Immigration, Integration and Education PDF Author: Oakleigh Welply
Publisher: Routledge
ISBN: 0429814887
Category : Education
Languages : en
Pages : 274

Get Book Here

Book Description
Winner of the 2023 Globalisation and Education SIG Best Book Award at CIES 2023! Immigration, Integration and Education offers a unique comparative analysis of the views and experiences of children of immigrants in school in France and England. It showcases how the theorization of children’s narratives can offer new methodological tools and insights in comparative education and help understand the different role of educational systems and discourses around issues of immigration, integration, race, language and religion. Presenting an in-depth analysis of children’s own narratives, this book offers a close comparative examination of the French and English educational systems, and the ways in which they impact on the experiences and identities of children of immigrants. The narratives of the children reveal the multiple forms of othering, discrimination and exclusion that shape their experiences in school, but also the multiple strategies they deploy to navigate these complex educational landscapes. It stresses that beyond national ideologies and philosophies of integration, structural and cultural aspects need to be explored to understand the role played by schools in the inclusion of immigrant populations. This book is an essential resource for academics, researchers and graduate students in the fields of sociology of education, migration studies, intercultural education, educational policy and comparative and international education. It will also appeal to those who are committed to addressing inequalities and discrimination in education.

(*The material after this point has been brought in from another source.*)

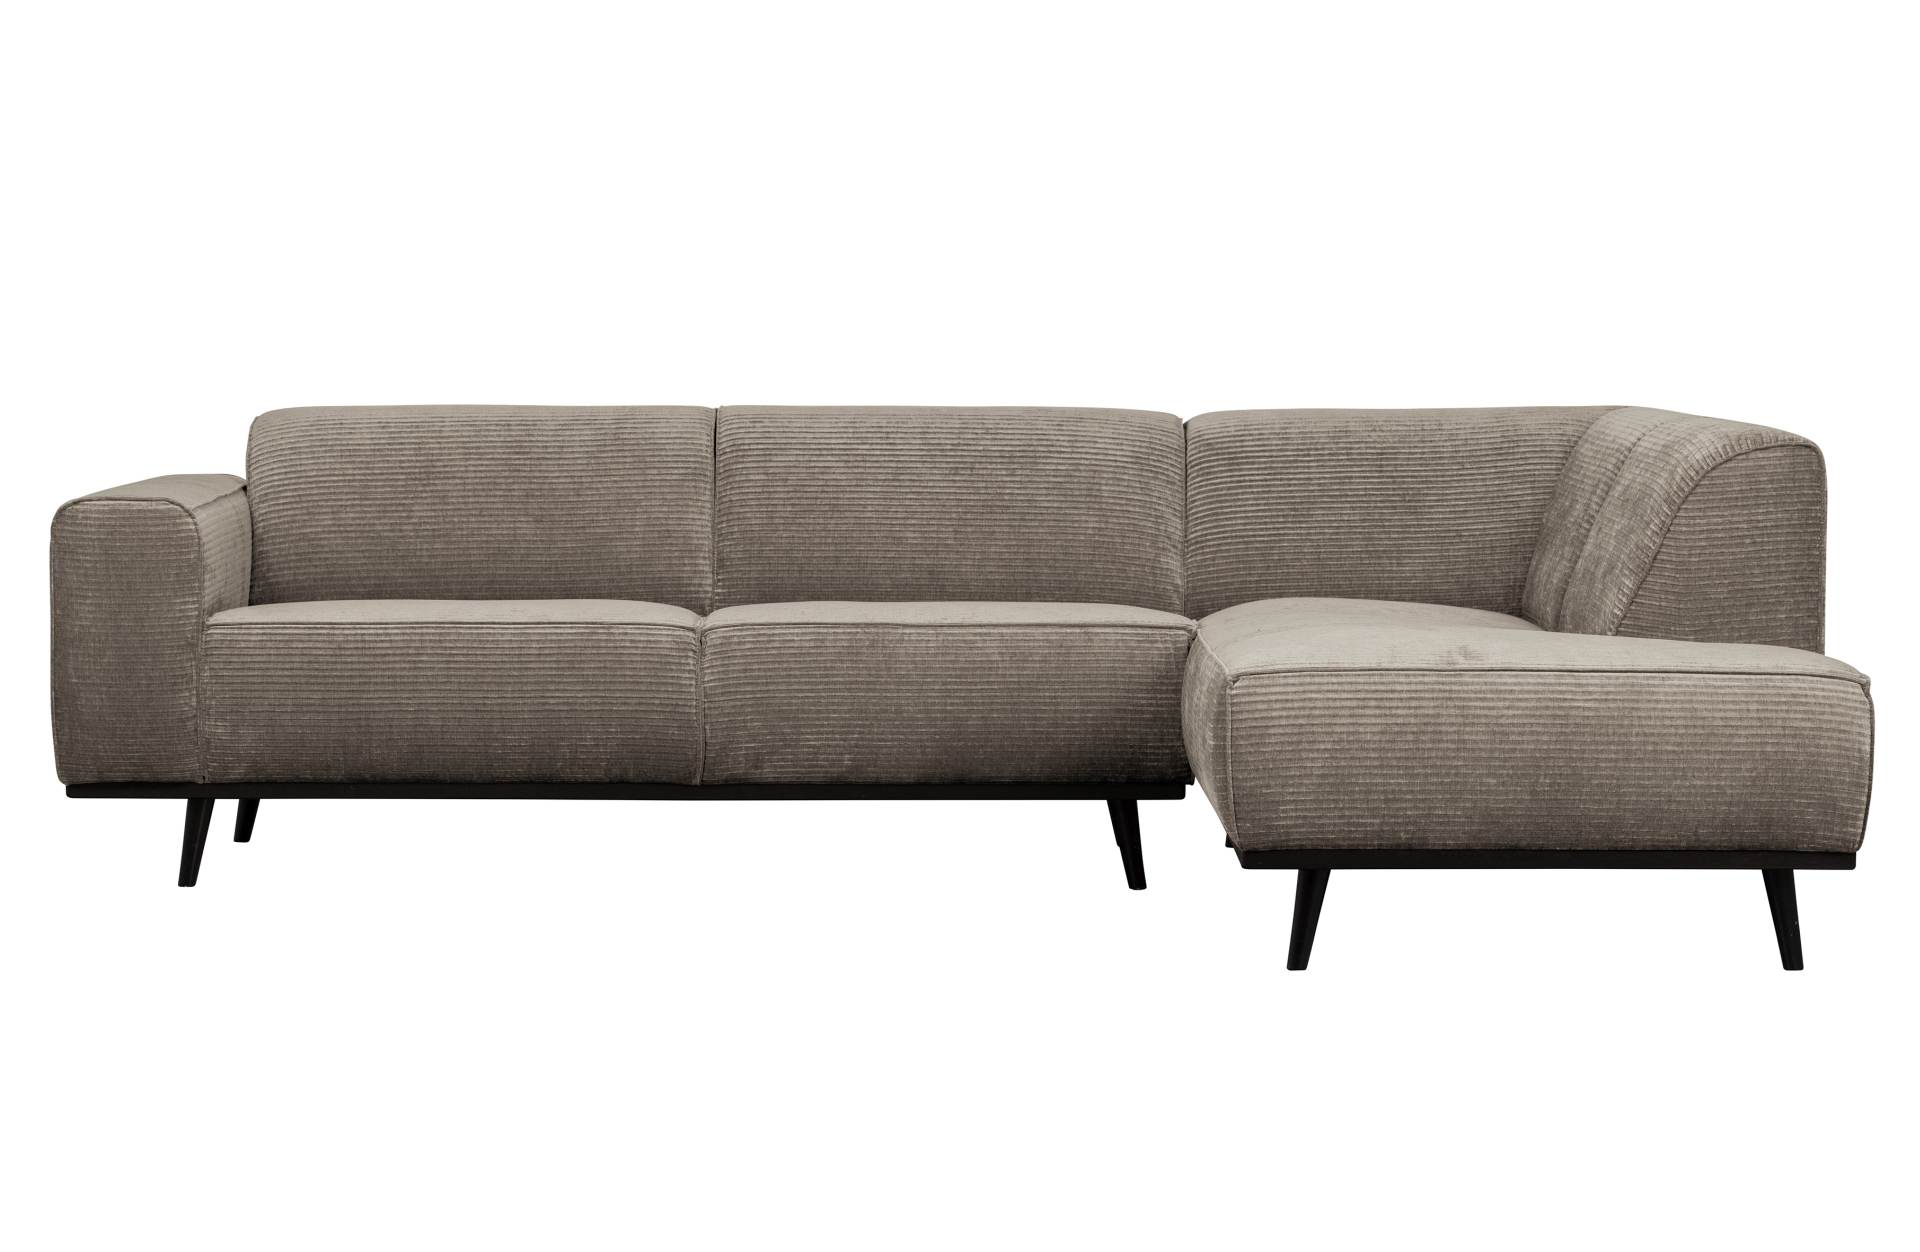 Das Ecksofa Statement überzeugt mit seinem modernen Design. Gefertigt wurde es aus gewebten Jacquard, welches einen Beige Farbton besitzen. Das Gestell ist aus Birkenholz und hat eine schwarze Farbe. Das Sofa hat eine Breite von 274 cm.

Philosophy in a Time of Terror

Philosophy in a Time of Terror PDF Author: Jürgen Habermas
Publisher: University of Chicago Press
ISBN: 9780226066646
Category : History
Languages : en
Pages : 236

Get Book Here

Book Description
The idea for Philosophy in a Time of Terror was born hours after the attacks on 9/11 and was realized just weeks later when Giovanna Borradori sat down with Jürgen Habermas and Jacques Derrida in New York City, in separate interviews, to evaluate the significance of the most destructive terrorist act ever perpetrated. This book marks an unprecedented encounter between two of the most influential thinkers of our age as here, for the first time, Habermas and Derrida overcome their mutual antagonism and agree to appear side by side. As the two philosophers disassemble and reassemble what we think we know about terrorism, they break from the familiar social and political rhetoric increasingly polarized between good and evil. In this process, we watch two of the greatest intellects of the century at work.